If anything, the trial of the system produced too many results, says Wilde, and many of them are false positives. "Translating them into business-speak and business transactions is tricky. We have to do a lot of work on assessing the results so that the interesting ones float to the top."
Nevertheless, Overill eschewed the neural network concept in favour of immunology because he wanted more detail in his results. "We know that banks detect fraud with neural networks but they don't explain to you which transaction it was or what was wrong with it," he explains. "Neural networks are no good for auditing and forensic analysis."

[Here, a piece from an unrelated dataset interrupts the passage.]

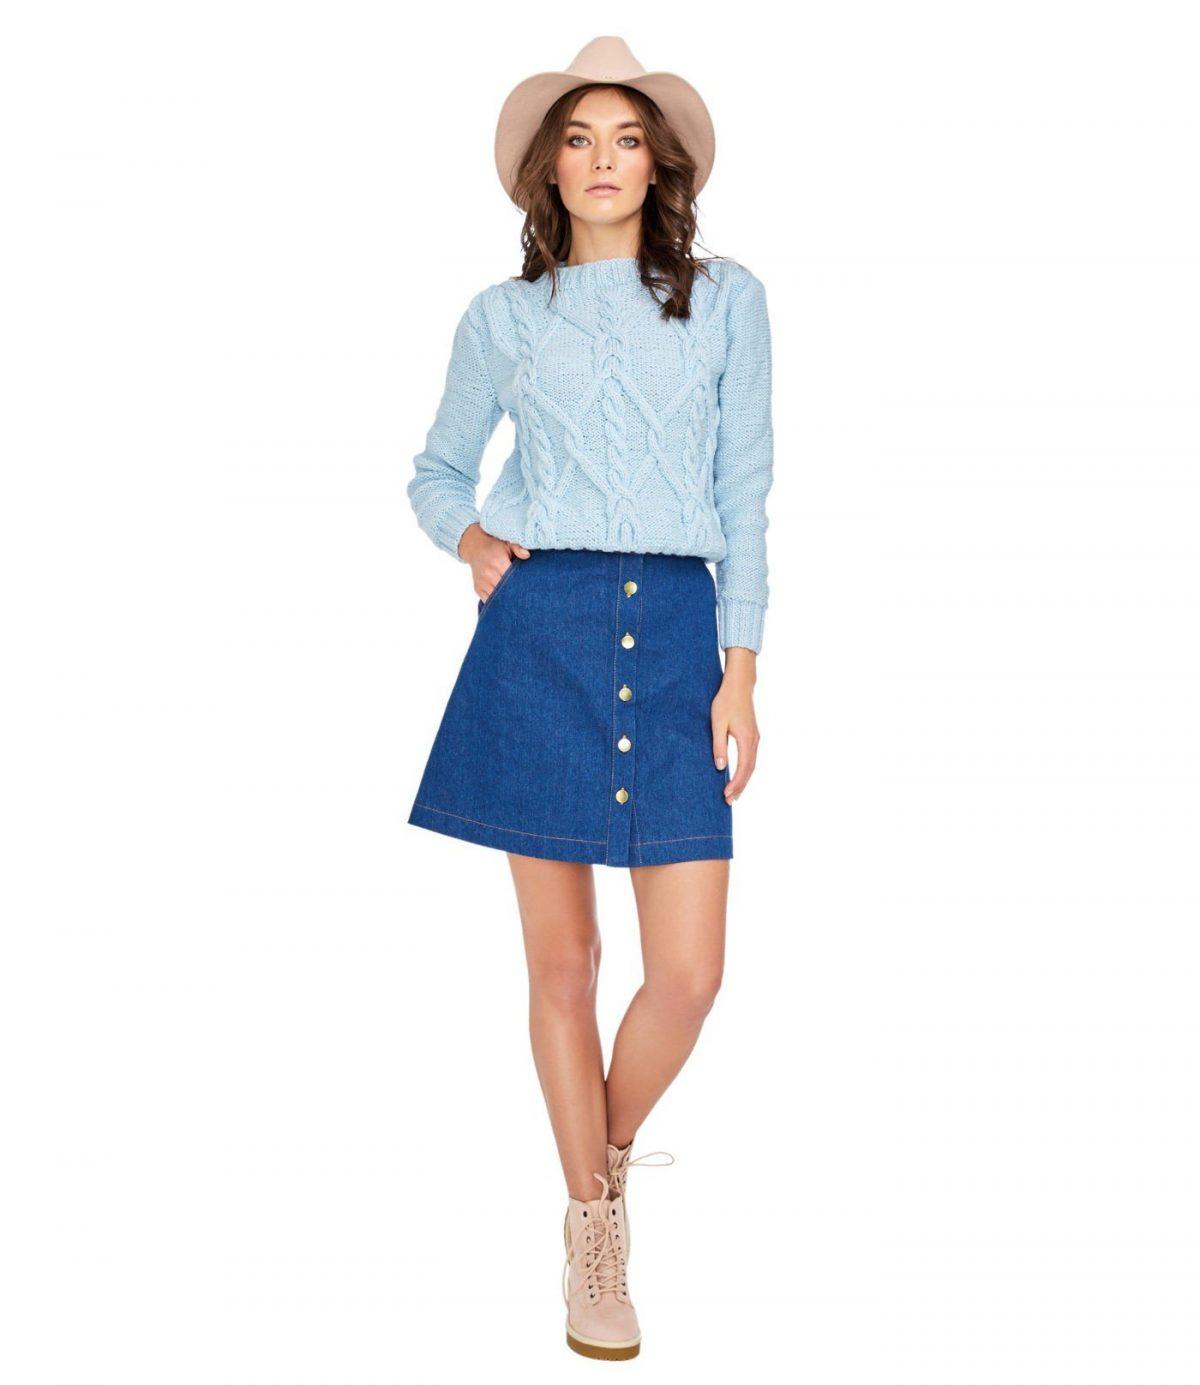 юбка-трапеция джинсовая на пуговках
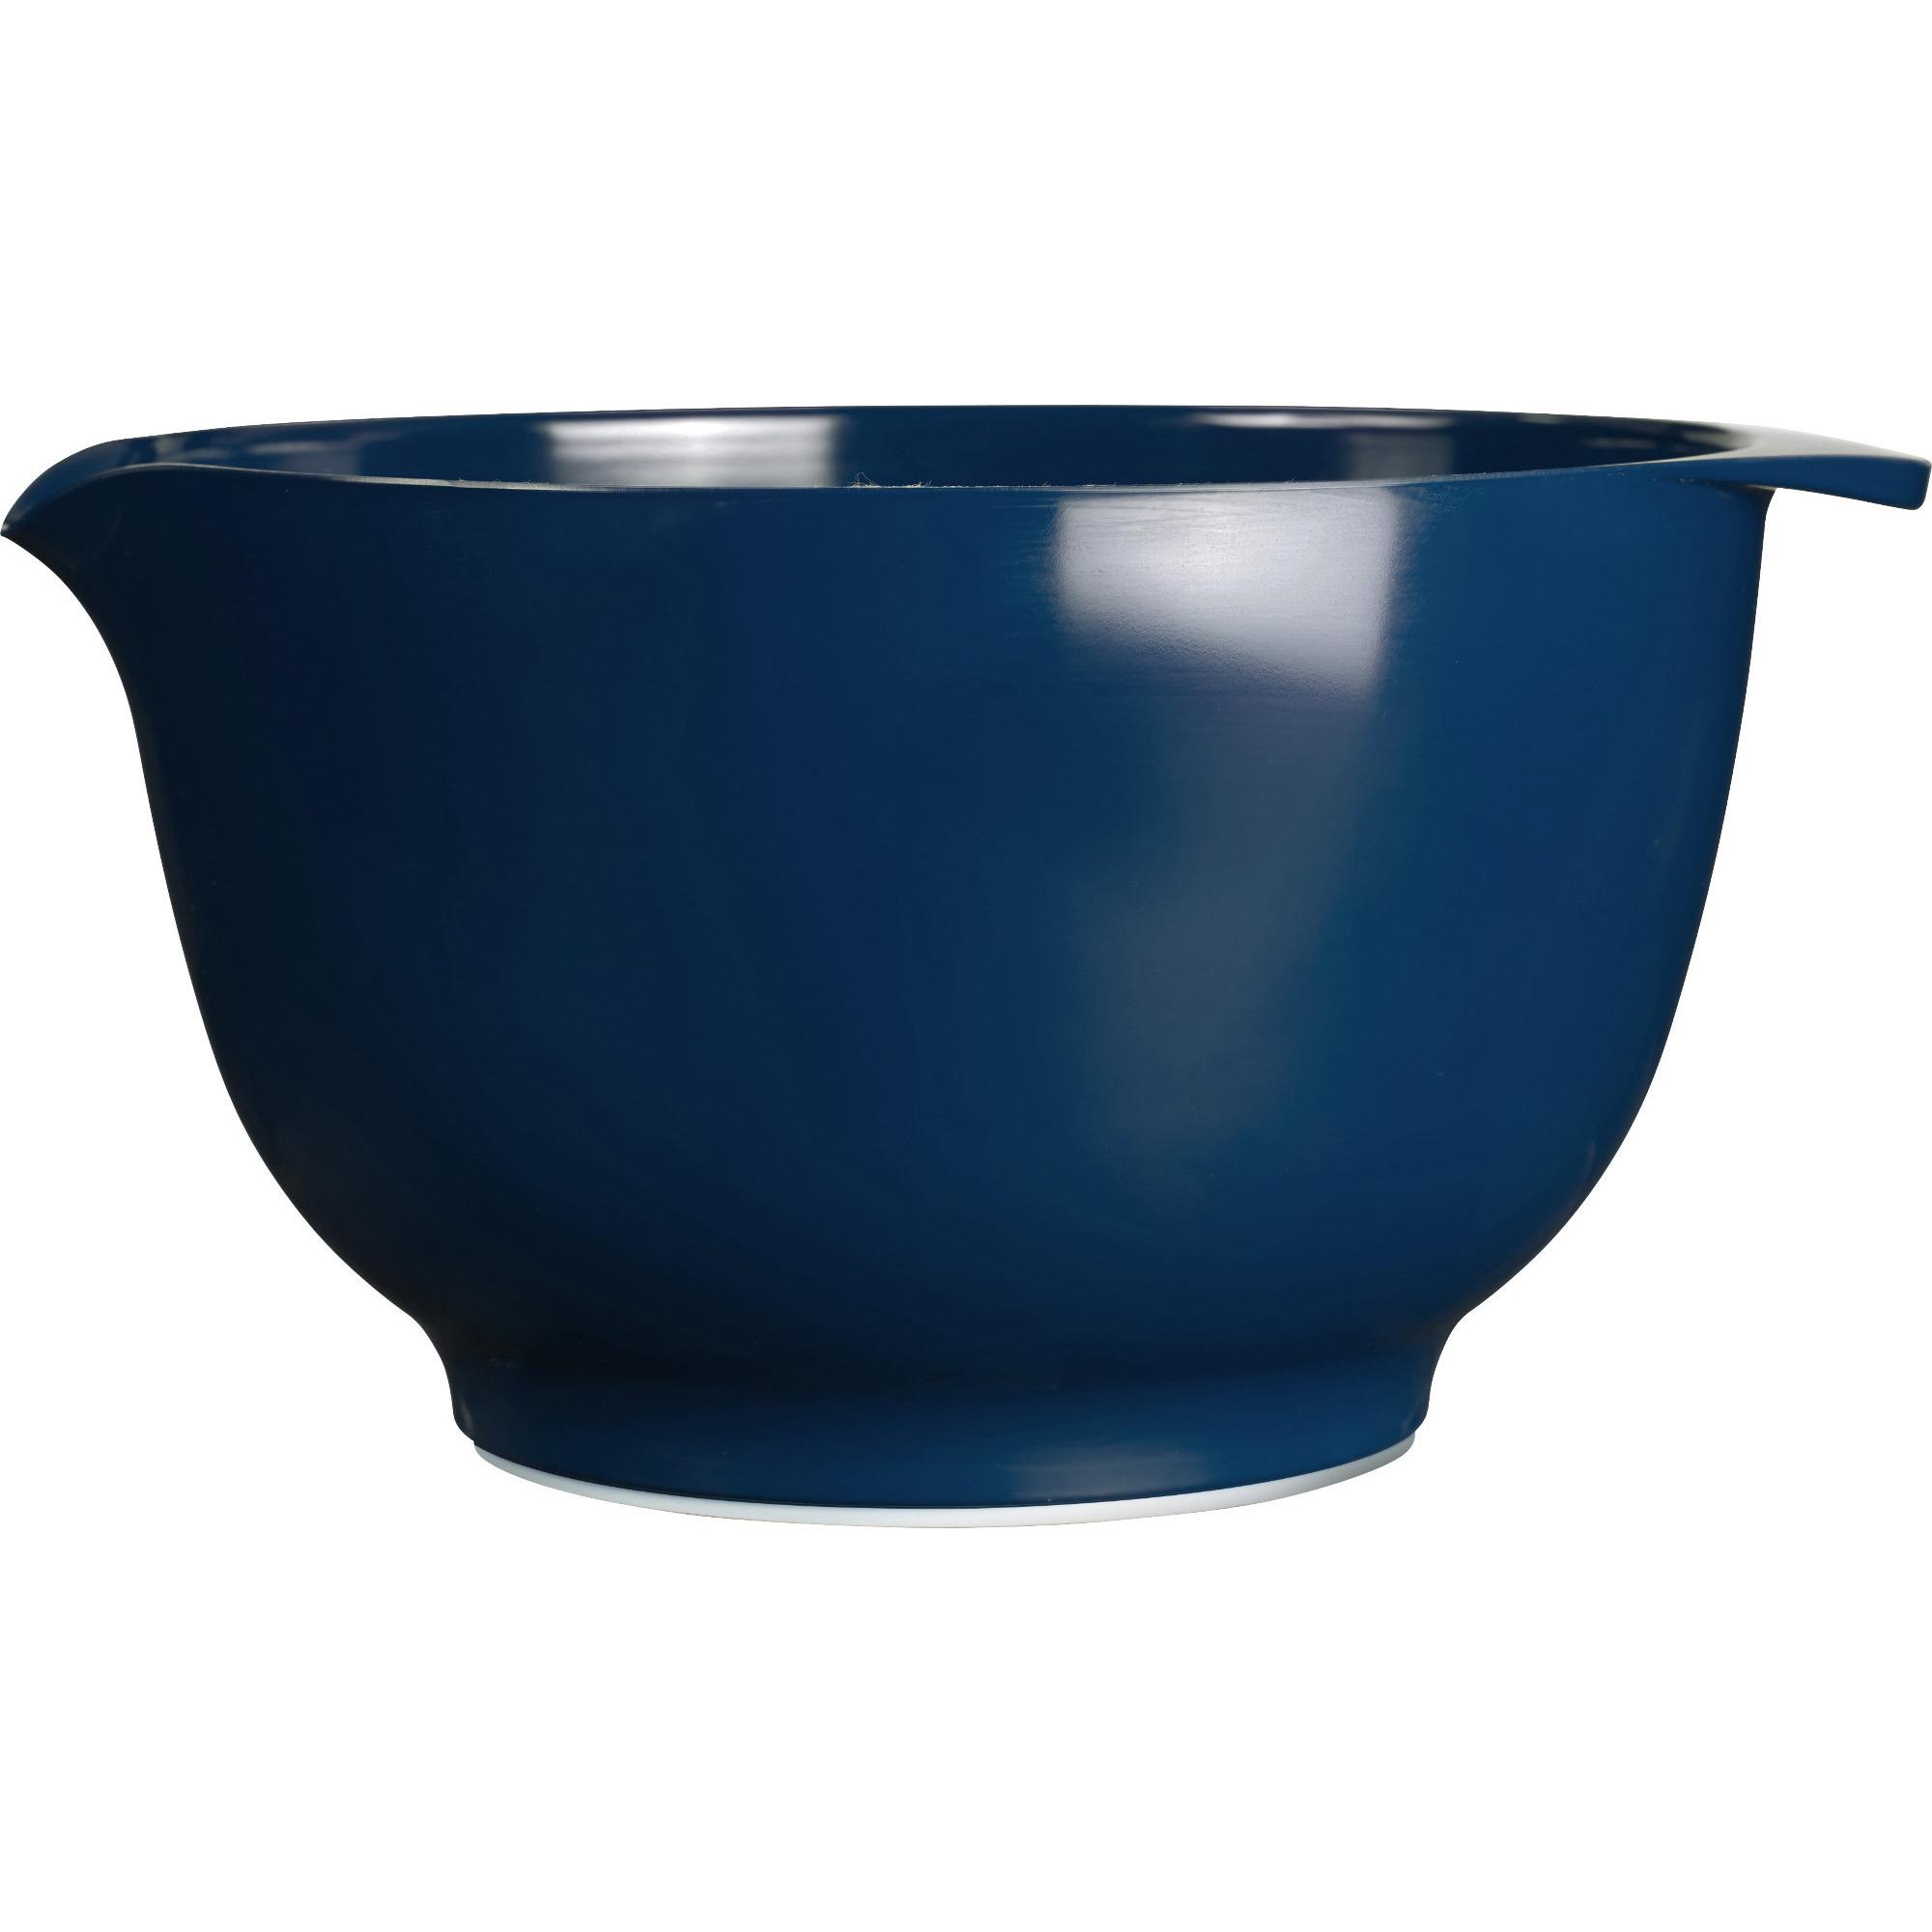 Rosti Mepal Margrethe Skål 3 L Indigo Blue

The biggest tension for IT professionals lies in moving from formal computing, in which the steps leading up to a result are intimately prescribed and understood, to biological algorithms that work in the realm of logical "fuzziness" and probabilities. Lodding dreams of a time when tiny computational cells built into the wing of an aeroplane can make localised decisions using developmental biological algorithms.
Nature's role in the world of IT may be relatively limited now but the commercial world is always looking for something new to give it the competitive edge.
Autonomic computing - learning from the body to self-heal
IBM's autonomic computing initiative is still in its early stages, but it takes some ideas from the natural world and puts them into hardware and software form. Drawing on the idea of the central nervous system, which passes data about the condition of the body to the brain, autonomic systems will be self-healing, self-optimising and self-protecting, say IBM researchers. But it is unlikely that autonomic computing will do away with the need for human intervention. "The autonomic idea comes from the body. There are certain things the body can take care of itself, but you have to go to the doctor for other things," says Adel Fahmy, programme director for autonomic computing core technologies at IBM.
Hackers find a natural source for viruses
Viruses and worms are at the centre of the map when it comes to biological algorithms. The concept of reproduction and replication that mirrors biological viruses has been a mainstay of computer viruses since the first one appeared for the Apple II in 1982. Since then, virus writers have embraced the biological metaphor with increasing enthusiasm, creating polymorphic viruses that mutate their own code. Pete Simpson, threatlab manager of content security company ClearSwift, draws attention to Serotonin, a type of worm written by a Czech virus writer in late 2002 which uses genetic techniques. The worm uses a theoretical peer-to-peer network called "wormnet" to exchange code with other copies of itself online, mutating pairs of code into new, single forms. The worm, which is currently available as source code but has not yet been deployed in the wild, also evolves in new environments. Copies of itself die out if their mutated code cannot spread, leaving survivors to replicate themselves onto new networks.